Here's a link to the church's website. It was just recently launched and is in the process of being updated, but the basics are there.
P.S. As I was mulling over this blog post and preparing to write I struggled with many conflicting feelings and ideas. While I've never denied being a Christian, it is a part of my life that I often don't discuss unless I'm asked directly about it. It did feel a bit odd, therefore, to consider posting something like this in a place where theoretically, anyone could see it. I realize most readers who get to this point probably know me pretty well already and may even be somewhat of a captive audience (I still thank you for sticking with me this long). But my faith still felt awfully personal to discuss here as I thought of those who might not know me so well (and if that's you, I also appreciate your hanging in here for this long).
The day after arriving here in Gwangju I pulled all the clothes I had brought out of my two suitcases. In one of the bags I found a piece of paper ripped from a yellow legal pad and drawn on in crayon. Spread over a rough sketch of East Asia my brother had listed Bible verses for me to look up, all related to brotherhood.
A few weeks later, as I was walking home from work, I ran into one of the former Korean employees from the school. Unfortunately, I arrived here just as he was preparing to leave the school and begin his next adventure in life, so I didn't get a chance to know him very well. He was the first person from the school I met here, as he picked me up from the bus terminal and took me to my apartment and the school, and he was a big help to me in getting settled in the weeks that followed. He always seemed to me like an incredibly friendly and fascinating guy, and by all accounts from other teachers, he is.
That night on the sidewalk as he was saying goodbye he told me he'd seen that note when he was setting up my television in the apartment, as I'd left it sitting out right next to the TV. I remember now thinking as I set it down that if anyone were to be in my apartment I would want them to see that note more than anything else I have here, so I was actually pleased he'd noticed it. He told me he'd seen what my brother had written at the top of the page: "Don't forget your roots."
Then he told me that although he didn't know me well, he thought I probably wouldn't. I was flattered.
As I said, I have to tell people who I am, and this really is the most important aspect of my life as I see myself.
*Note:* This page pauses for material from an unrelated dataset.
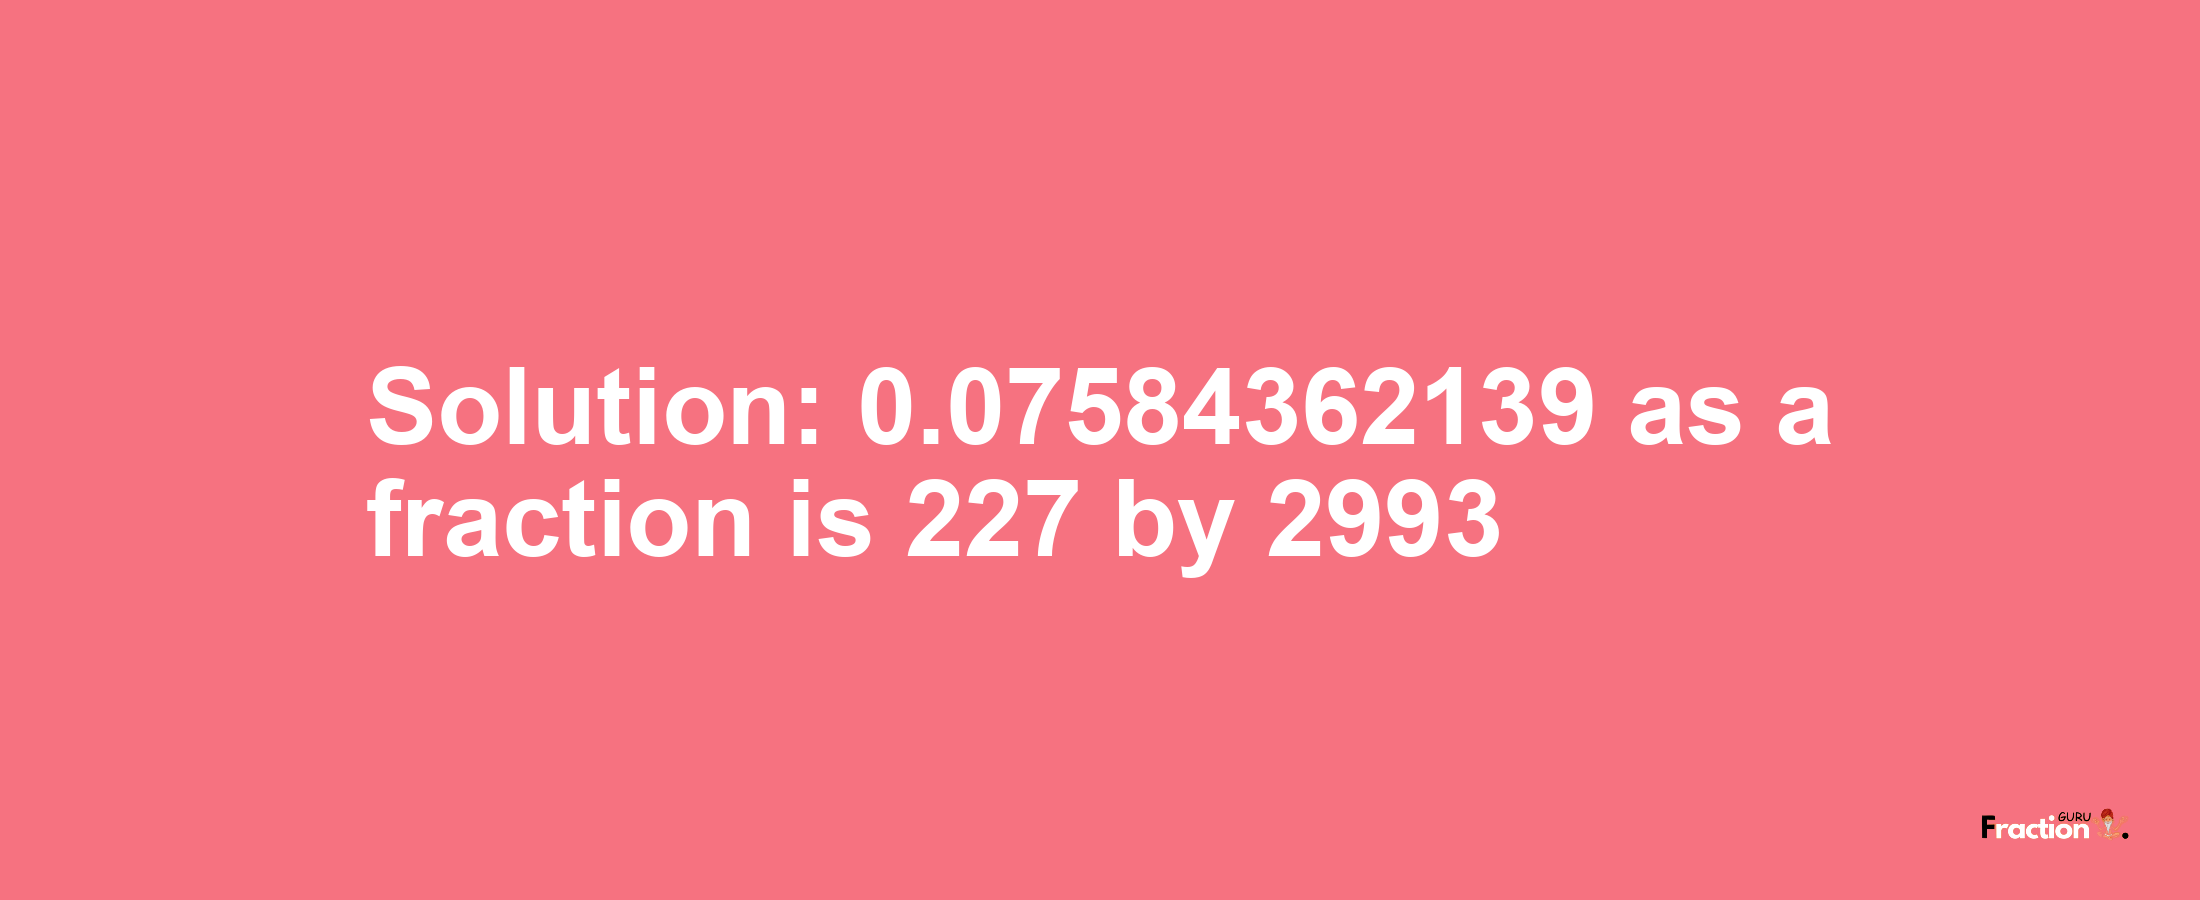 Solution:0.07584362139 as a fraction is 227/2993

I don't even list my religious views on my social networking profiles, which are (somewhat) private. So here I am, revealing myself.
One of my fears is that some people may learn this about me and feel some discomfort with me as a result. If you've met me already, you've met the real me. If it seemed like I liked you, I liked you. Even if it seemed like I didn't like you, I probably liked you. I'm often not the most adept at displaying to people that I truly enjoy their company, though I usually do.
Many, many terrible sins have been and continue to be committed in the name of Christianity and other religions, and the loudest voices claiming to represent us often spew hate. Meanwhile a great many of us go about our lives seeking the fulfillment that comes from being good to people. I don't always do it, but when I don't I always wish I had.
P.P.S. I need to send a special birthday shout-out to my best friend of 25 years, one of those cousins I was always excited to see at church, David! Miss you, bro!